A rock is thrown upward from the top of a 30 m building with a velocity of 5 m/s. Determine its velocity (a) When it falls back

past its original point, (b) When it is 15 m above the street, and (c) Just before it hits the street. A horse drags a 100 kg sled a distance of 4 km in 20 minutes. The horse exerts one horsepower, of course. What is the coefficient of sliding friction between the sled and the ground?
Physics
1 answer:
castortr0y [4]3 years ago
8 0

Answer:

a) 5 m/s downwards

b) 17.86 m/s

c) 24.82 m/s

d) 0.228

Explanation:

We can set the frame of reference with the origin on the top of the building and the X axis pointing down.

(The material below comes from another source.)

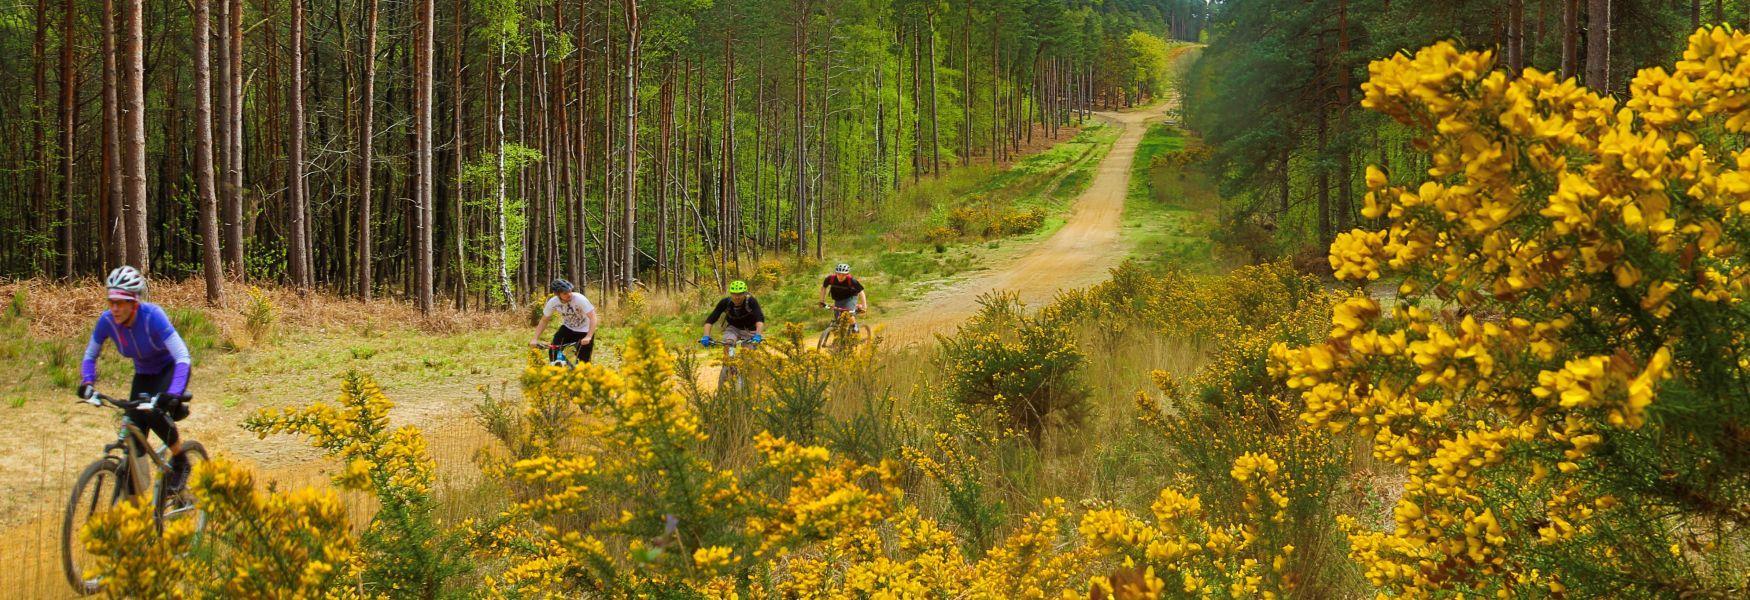 Mountain biking in the Crown Estate's Swinley Forest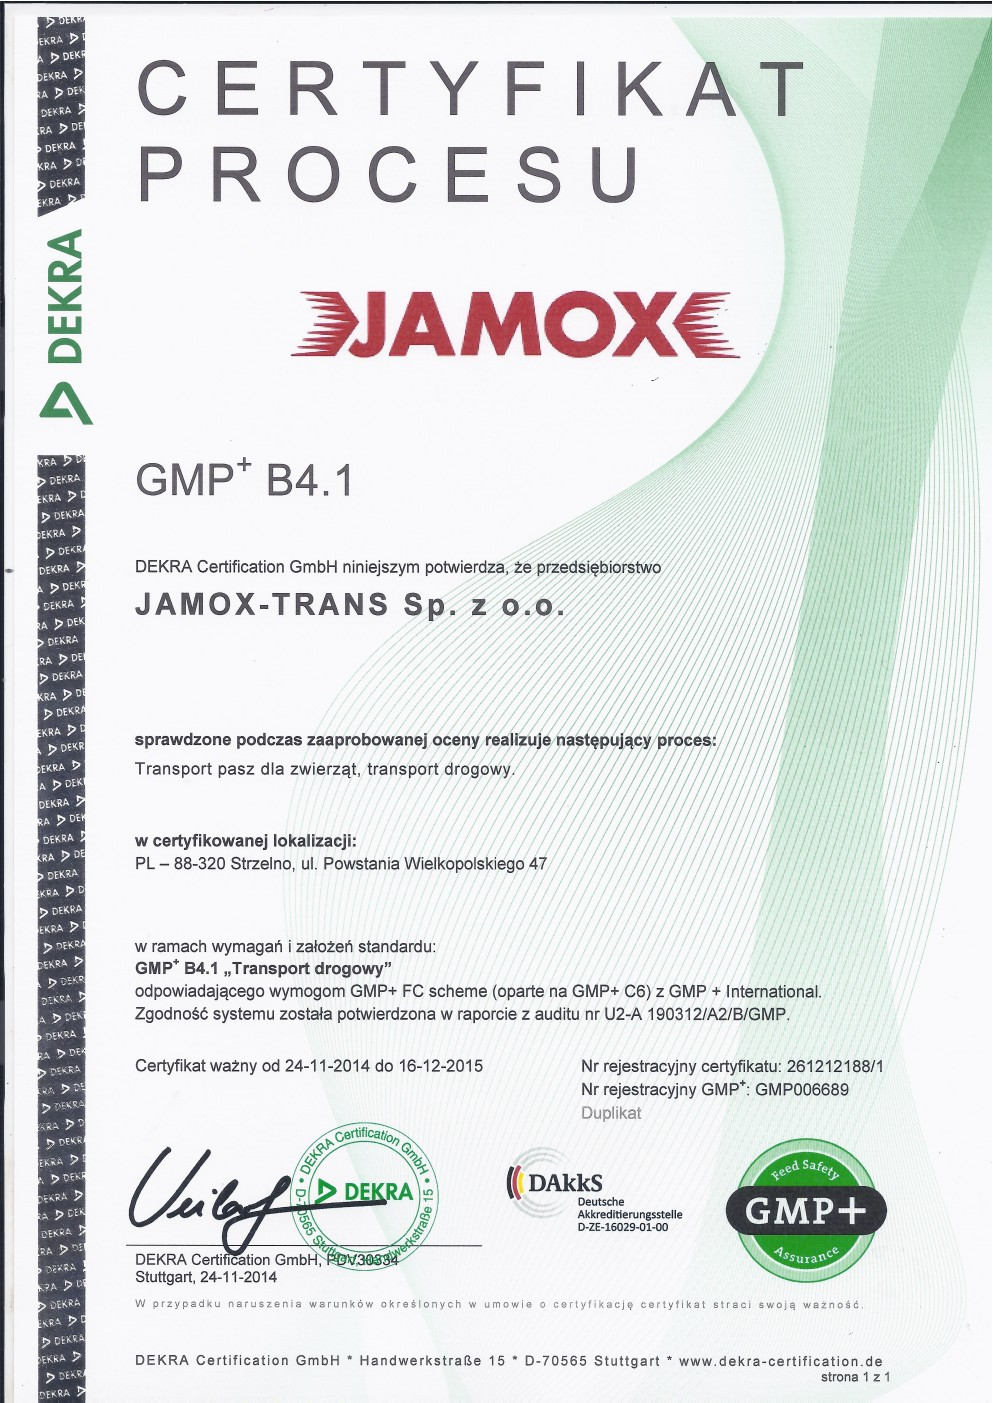 http://jamox.eu/wp-content/uploads/2019/05/gmp_pl.jpg

The rock will be subject to the acceleration of gravity. We can use the equation for position under constant acceleration and speed under constant acceleration:

X(t) = X0 + V0 * t + 1/2 * a * t^2

V(t) = V0 + a * t

In this case

X0 = 0

V0 = -5 m/s

a = 9.81 m/s^2

To know the speed it will have when it falls back past the original point we need to know when it will do it. When it does X will be 0.

0 = -5 * t + 1/2 * 9.81 * t^2

0 = t * (-5 + 4.9 * t)

One of the solutions is t = 0, but this is when the rock was thrown.

0 = -5 + 4.69 * t

4.9 * t = 5

t = 5 / 4.9

t = 1.02 s

Replacing this in the speed equation:

V(1.02) = -5 + 9.81 * 1.02 = 5 m/s (this is speed downwards because the X axis points down)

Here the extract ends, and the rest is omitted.